# Cold War Bomb Shelters



## TechAdmin (Oct 1, 2008)

Saw my first one over this Thanksgiving break. Random house in the D.C. area I was in had one. Just a normal row home in a suburb and the owner out of nowhere told me about it and showed it to me. He bought the house with it but it was really nicely done with air vents, blast door, etc. I wish I had my camera on me but I didn't.

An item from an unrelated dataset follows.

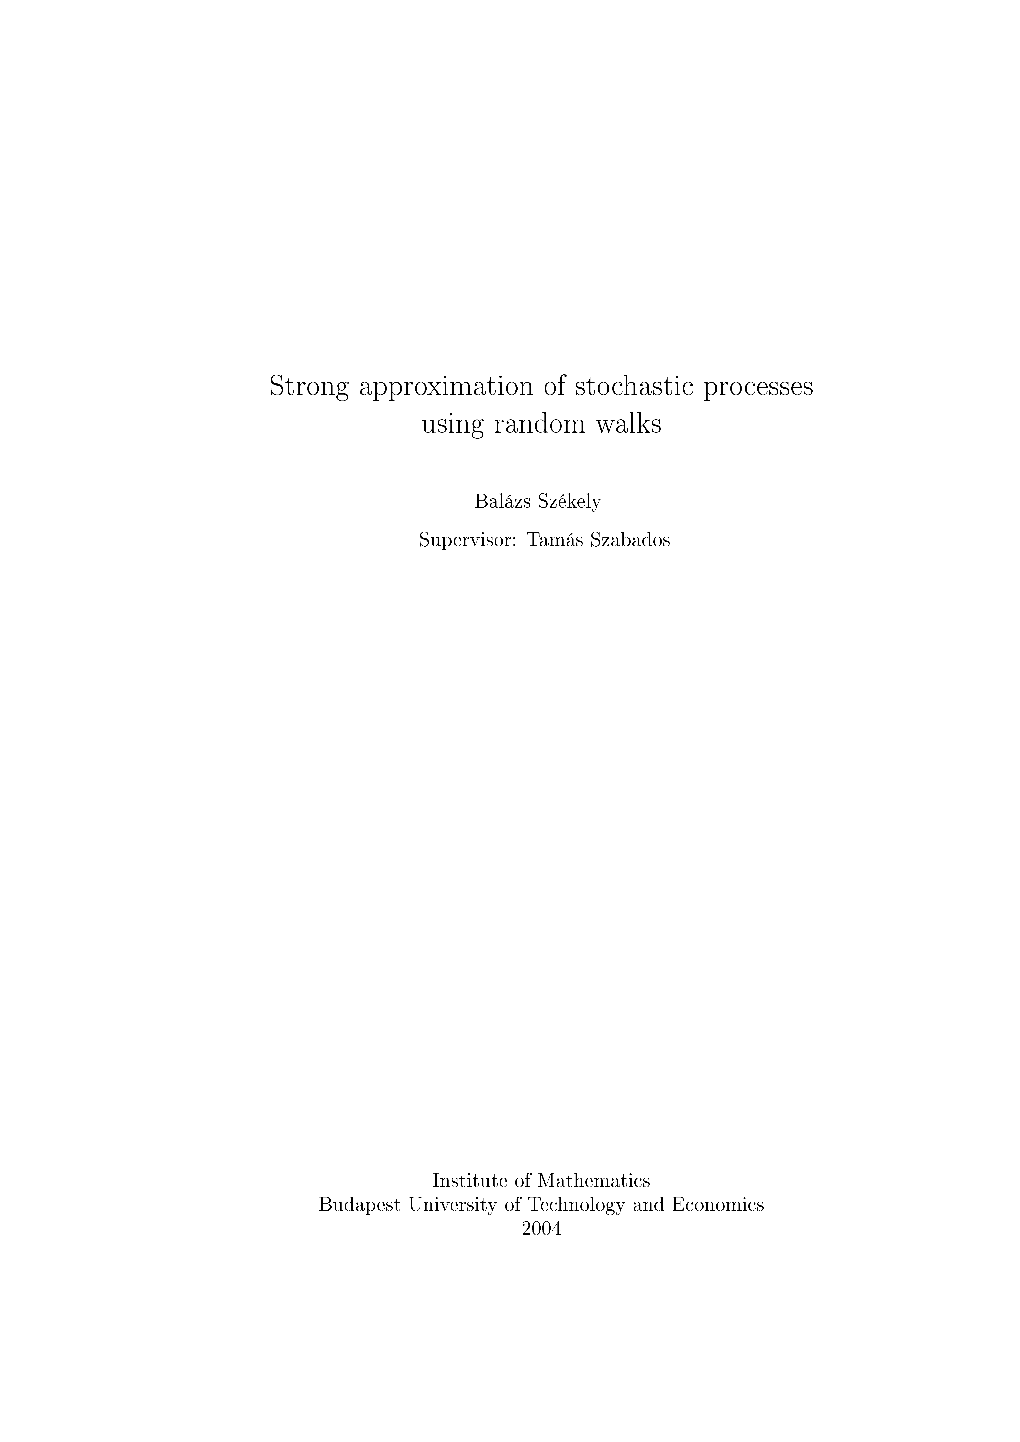 Strong Approximation of Stochastic Processes Using Random Walks

I bet now it would be quite expensive to construct something similar.


----------



## RedRocker (Nov 6, 2008)

Next time take some pix!!! I'd love to have something like that.


----------



## funkrider (Dec 1, 2008)

I had a friend whose house my friends funk band would play at and there was a bomb shelter in the back yard, I didn't get to go in it however  It had crazy looking pipes coming out of it and looked like a big square concrete slab in the yard


----------



## Backwoods (Oct 27, 2008)

I've never seen one but a fellow I worked with a few years ago checked one out when he was home buying up in Northern Virginia. He said the home was built by a retired air force major back in the late 50's or early 60's and had all the "Goodies" you would expect. IIRC he told me that It was down a short set of steps in a basement to a steel door which opened into a large 3 section room. Solid, thick concrete walls, celing and floors with rebar reinforcement, generator setup, water storage system, sanitation facilities, and space for enough supplies to keep going for an indefinate period. He liked it but his "Better Half" at the time nixed the idea so he just moved on to something else.

Personally I'd rather have one of those old missle silos myself.


----------